Artifacts: physical items
Land: physical utility
Gold: scarce commodity-based money
Gold-backed dollars: paper money
Treasuries: faith in government issued debt
Petrodollars: oil and global trade priced in dollars
Debt-based dollars: pre-spending of the future
Bitcoin: energy and digital scarcity
Each transition occurred because the previous store of value could no longer bear the weight of the economic system. Bitcoin is the latest iteration, but will it be the last?
West suggests a potential solution: “So one clear strategy for forestalling a potential catastrophe is to intervene before reaching the singularity [death event] by ‘resetting’ the parameters.”
In the past, we’ve seen these resets in our communication and information channels (carrier pigeons → mail → email → internet → mobile → social networks → AI). The same applies to money, with Bitcoin representing the latest monetary reset.
Bitcoin’s Future: The Need for Layered Scaling and Innovation
Bitcoin is the first system capable of efficiently handling both communication and value at scale. However, as history shows, all systems must innovate or face decline. “A major innovation effectively resets the clock by changing the conditions under which the system has been operating and growth occurring. … Having made the transition and ‘reset the clock’ … ”
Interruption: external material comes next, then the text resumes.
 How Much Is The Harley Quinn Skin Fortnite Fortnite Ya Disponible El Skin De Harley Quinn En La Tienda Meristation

This is why second, third, and fourth layers of Bitcoin are critical. These scaling solutions disperse the volume (weight) of transactions and leverage Metcalfe’s Law—the value of a network grows as its connections increase. In this sense, Bitcoin is not only a reset for our monetary system but is also an innovation that extends the life of the internet itself. Bitcoin is just another protocol that operates off TCP/IP which is the base layer protocol of the internet, now our standard for global communication.
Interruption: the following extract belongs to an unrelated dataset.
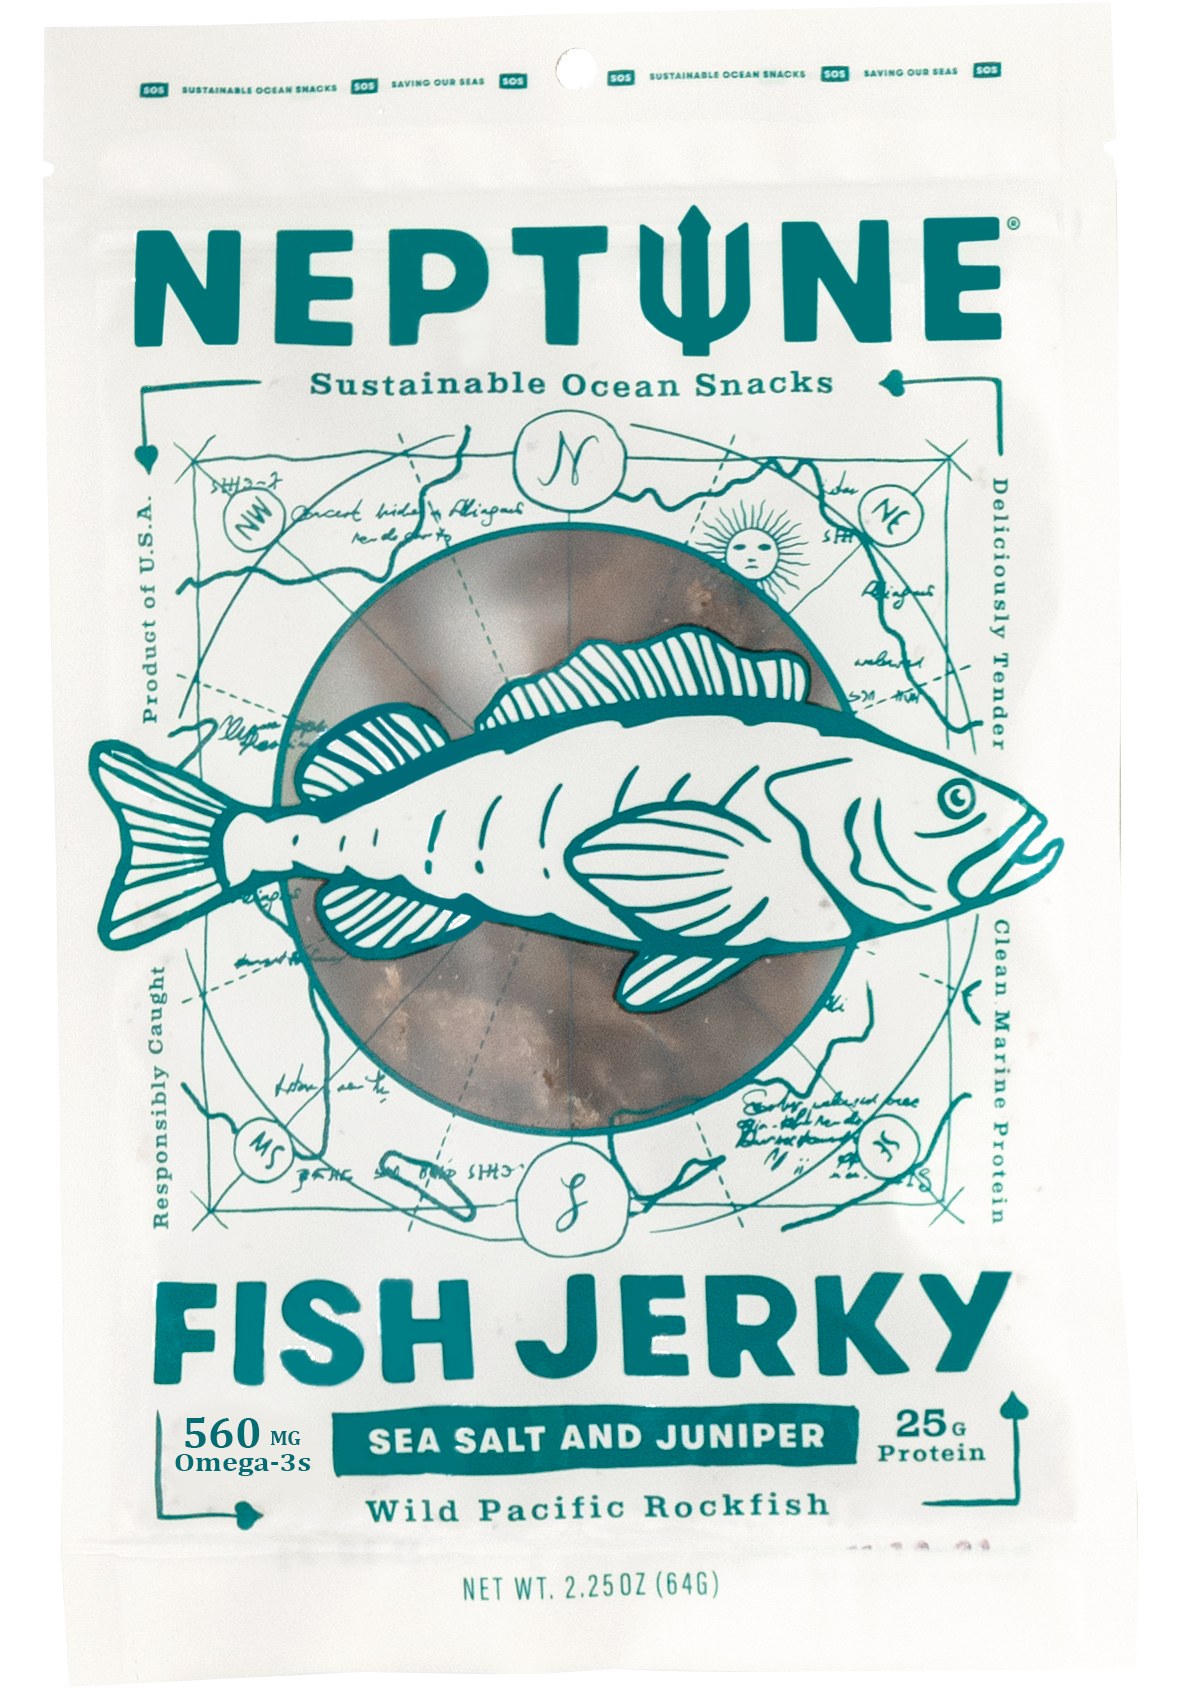 Sea Salt and Juniper Neptune Fish Jerky - Space Camp

Bitcoin is not immune to the laws of entropy and scaling. However, if it remains adaptable while preserving its core simplicity, it may continue to defy the fate of past monetary systems. The question is not whether Bitcoin will collapse, but whether its innovation cycles will reset the clock fast enough to ensure its survival.
Final Thoughts: What Do You Think?
Based on West’s work, Bitcoin’s survival depends more on the development of its second, third, and fourth layers than one might expect. Can Bitcoin sustain innovation cycles while maintaining its core simplicity? Can Bitcoin scale and endure where other systems have failed? Or will it ultimately succumb to entropy like the many complex systems before it?